The Remuneration Committee assists the Board of Directors with its responsibilities relating to the evaluation and remuneration of the CEO and other members of the Executive Team reporting directly to the CEO, oversees the Company's remuneration policies, schemes and plans as well as reviews appropriate succession planning procedures for the Executive Team.
The Remuneration Committee consists of at least three members appointed by the Board of Directors. The members of the Remuneration Committee must meet the applicable independence criteria applicable to such committee members of publicly listed companies in Finland, including that the majority of the members of the committee have to be independent of the Company. The Remuneration Committee members must have the expertise and experience required for the performance of the duties and responsibilities of the Remuneration Committee. Desirable qualifications for the members of the Remuneration Committee include experience in business management, corporate governance, human resources management and executive remuneration.
The Remuneration Committee establishes its own schedule and meets as frequently as necessary to carry out its responsibilities under its Charter, and in any case at least two times per year.
Kari Kauniskangas serves as the Chairman of the Remuneration Committee and Dag Andersson, Åse Aulie Michelet and Katri Viippola serve as members of the Remuneration Committee.
Shareholders' Nomination Board
On September 26, 2017, the EGM resolved to establish a Shareholders' Nomination Board consisting of shareholders of the Company, or persons appointed by such shareholders, for annually preparing proposals concerning the election and the remuneration of the members of the Board of Directors to the Annual General Meeting. The decision to establish the Shareholders' Nomination Board and to adopt its Charter were made subject to the completion of the Listing.
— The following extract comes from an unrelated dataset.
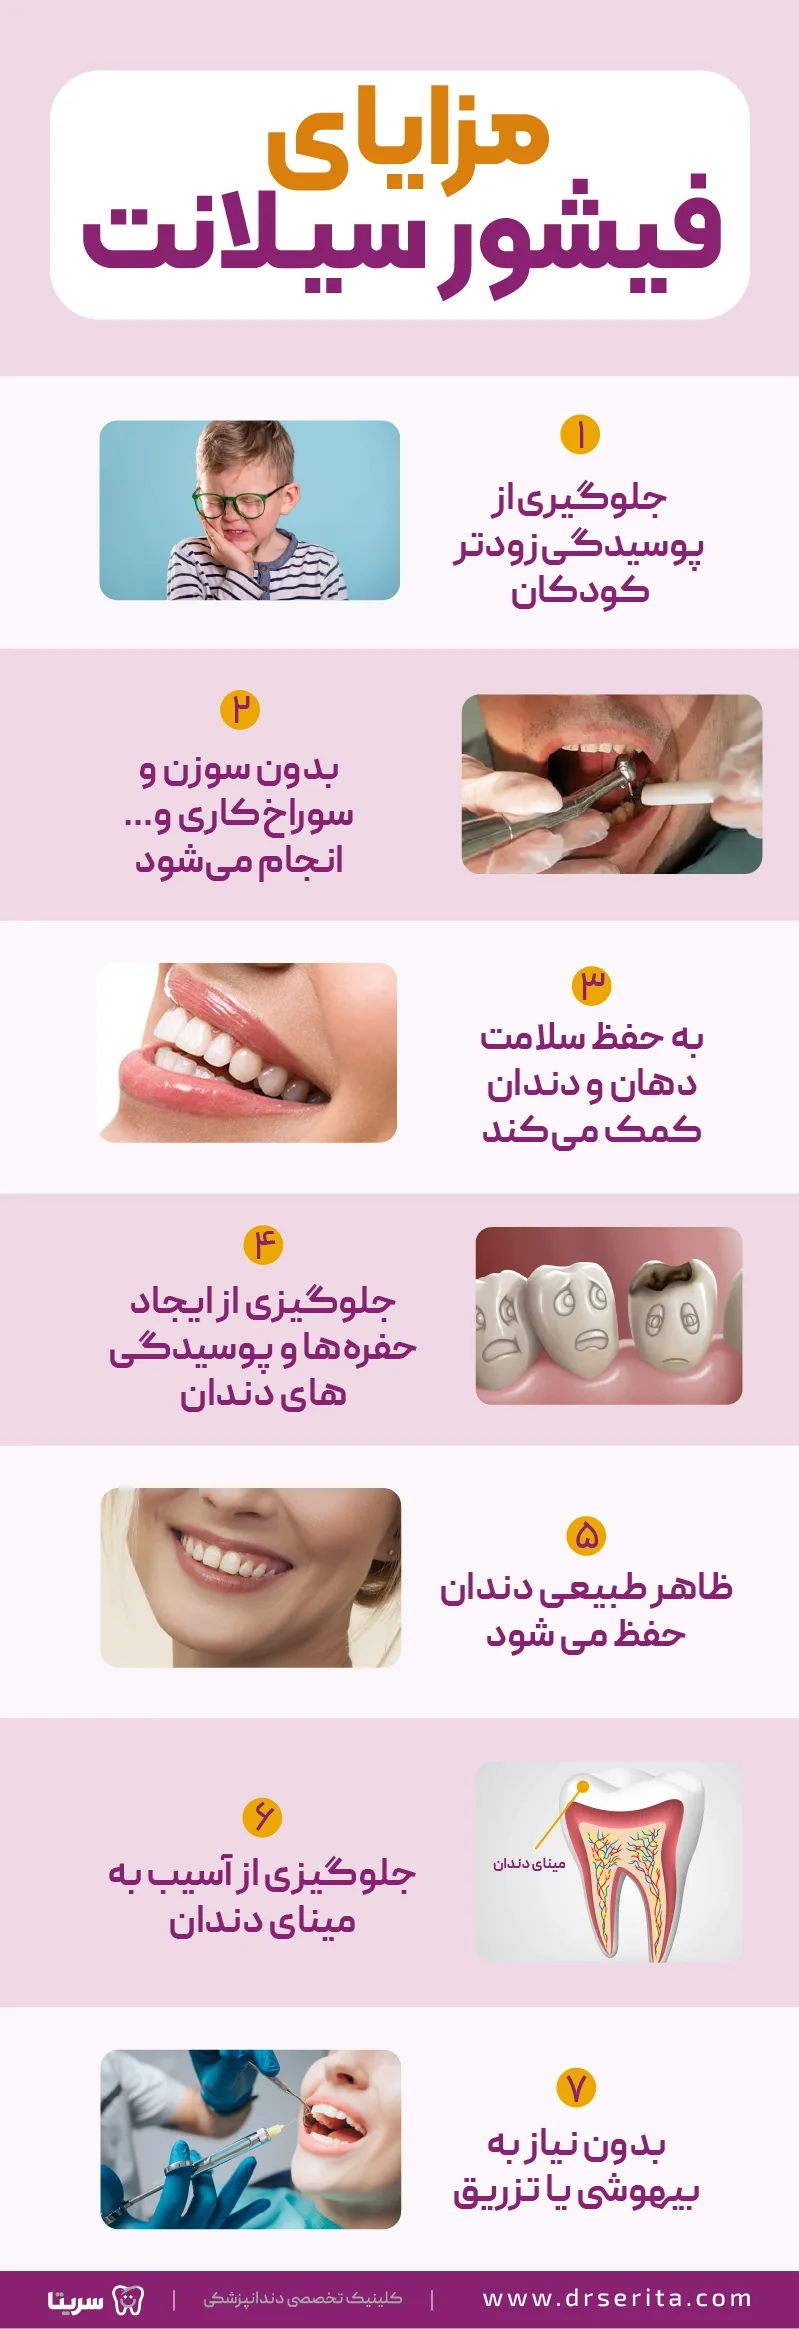 هفت مزیت فیشور سیلانت برای دندان به صورت اینفوگرافیک

According to the Charter of the Shareholders' Nomination Board adopted conditionally, the Shareholders' Nomination Board comprises the Chairman of the Board of Directors of the Company and representatives of the four largest shareholders of the Company. However, in case the fifth largest shareholder has a holding that exceeds 10 percent of all the shares and votes in the Company, the five largest shareholders will be represented at the Shareholders' Nomination Board. The four largest shareholders (or, in case the fifth largest shareholder would have a holding that exceeds 10 percent of all the shares and votes in the Company, the five largest shareholders), as determined on the basis of the shareholder register of the Company maintained by Euroclear Finland on the first banking day of the September preceding the Annual General Meeting, shall each have a right to nominate a representative to the Shareholders' Nomination Board.. If two or more shareholders has the same number of shares and cannot all have the right to nominate one of the members of the Shareholders' Nomination Board, the right to nominate shall be determined by the drawing of lots among such shareholders. If a shareholder, who would have the obligation to notify the Company of certain changes in shareholding under the Securities Markets Act (flagging obligation), presents a written request directed to the Board of Directors by the end of August, the holdings of a corporation or a foundation controlled by the shareholder or the shareholder's holdings in several funds or registers will be combined when calculating the nomination right. A holder of nominee-registered shares will be taken into account when determining the composition of the Shareholders' Nomination Board if the holder of nominee-registered shares presents a request concerning the issue directed to the Board of Directors of the Company by the end of the August preceding the Annual General Meeting.
The Chairman of the Board of Directors convenes the first meeting of the Shareholders' Nomination Board and the Shareholders' Nomination Board elects a Chairman amongst its members.